For my visualization portion I opted to use a vertical bar chart. By making the chart vertical it improved the ability of labeling each kicker observation along the y axis, of which there are 44. The x axis is the kicking percentage and at the top of the chart is where the highest percentage kickers lie. The observations seen at the top of this graph align well with top viewed kickers during this timeframe, including names like Wil Lutz leading the way, followed by the likes of Justine Tucker and Sebastrion Janikowski. Along with this we can see that the volume of kicks, represented by the shading on the chart, is diverse moving up and down the chart.
setwd("C:/Users/17169/OneDrive - Loyola University Maryland/IS470SportsAnalytics")
#here is my code
library(data.table)
library(dplyr)
library(ggplot2)
my_df1 <- fread("Data/NFLBDB2022/NFL2022/plays.csv")
my_df2 <- fread("Data/NFLBDB2022/NFL2022/players.csv")
my_df3 <- fread("Data/NFLBDB2022/NFL2022/games.csv")
my_df4 <- fread("Data/NFLBDB2022/NFL2022/PFFScoutingData.csv")
df <- left_join(my_df1, my_df2, by = c("kickerId" = "nflId"))
df <- left_join(df, my_df3, by = c("gameId"))
df <- left_join(df, my_df4, by = c("gameId", "playId"))
rm(my_df1)
rm(my_df2)
rm(my_df3)
rm(my_df4)
df_new <- df %>%
filter(( quarter == 4 | quarter == 5), (specialTeamsResult == "Kick Attempt Good" | specialTeamsResult == "Kick Attempt No Good")) %>%
select(gameId, playId, quarter, gameClock, specialTeamsPlayType, specialTeamsResult, yardlineNumber, gameClock, kickLength, Position, displayName, kickerId ) %>%
data.frame()
df_new2 <- df_new %>%
group_by(displayName)%>%
summarise(total_kicks = n(),
successful_kicks = sum(specialTeamsResult == "Kick Attempt Good"),
kicking_percentage = (successful_kicks / total_kicks) * 100,
total_yrds = (sum(yardlineNumber) + 18),
avg_length = (total_yrds/total_kicks),
.groups = "keep")%>%
filter(total_kicks>=10)%>%
data.frame()
# vertical bar chart
ggplot(data = df_new2, aes(x = reorder(displayName, kicking_percentage), y = kicking_percentage, fill = total_kicks)) +
geom_bar(stat = "identity") +
coord_flip() +
geom_text(aes(label = scales::percent(kicking_percentage * 0.01, accuracy = 1L)), hjust = -0.2) +
labs(x = "Kickers", y = "Kicking Percentage",
title = "Best 4th Quater & Overtime Kickers",
fill = "Total Kicks") +
theme(axis.text.x = element_text(color = "black", size = 10),
axis.text.y = element_text(color = "black", size = 10),
axis.title = element_text(hjust = .5, size = 18, face = "bold"),
plot.title = element_text(hjust = .5, size = 18, face = "bold")) +
scale_fill_continuous(limits = c(0,65), low = "red", high = "blue")

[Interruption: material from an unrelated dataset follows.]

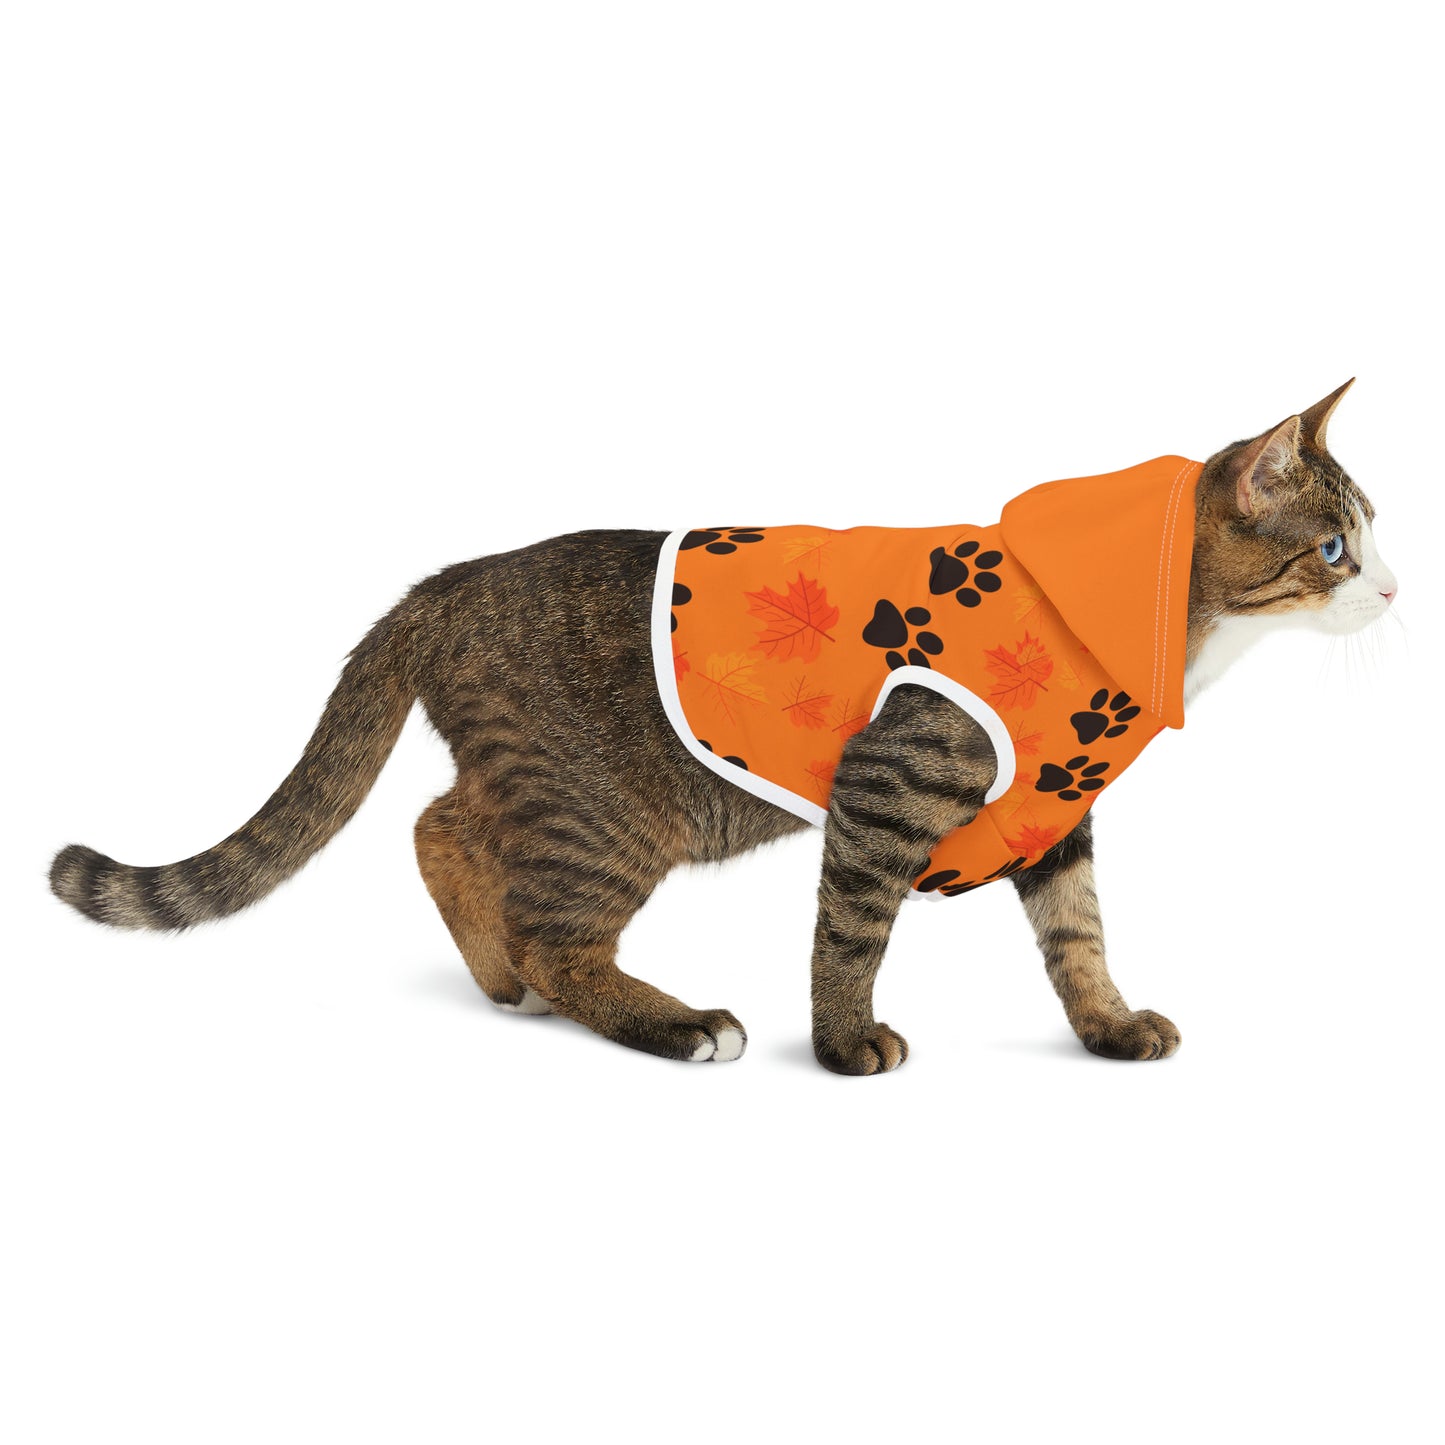 Dog Hoodie - Fall Collection (Light Orange - With Light Orange Hood)

In this project we look to see how successful kickers are in the 4th quarter and on. This is the point of the game where pressure situations arise. Being a kicker at the NFL level, converting on kicks at clutch points of the game is crucial for a team’s chance at victory. Kickers like Justin Tucker, Nick Folk, and Chris Boswell show up at the top of the list, illustrating that the list does a good job just of showing who the top clutch kickers are when it comes to making kicks late. A way one could improve this data is by looking to filter by close game situations (possibly 1 score games) to further filter for high pressure information, however this may cause difficulty with sample sizes. Overall after filtering for volume, the chart does a good job of showing how successful kickers were over these three seasons.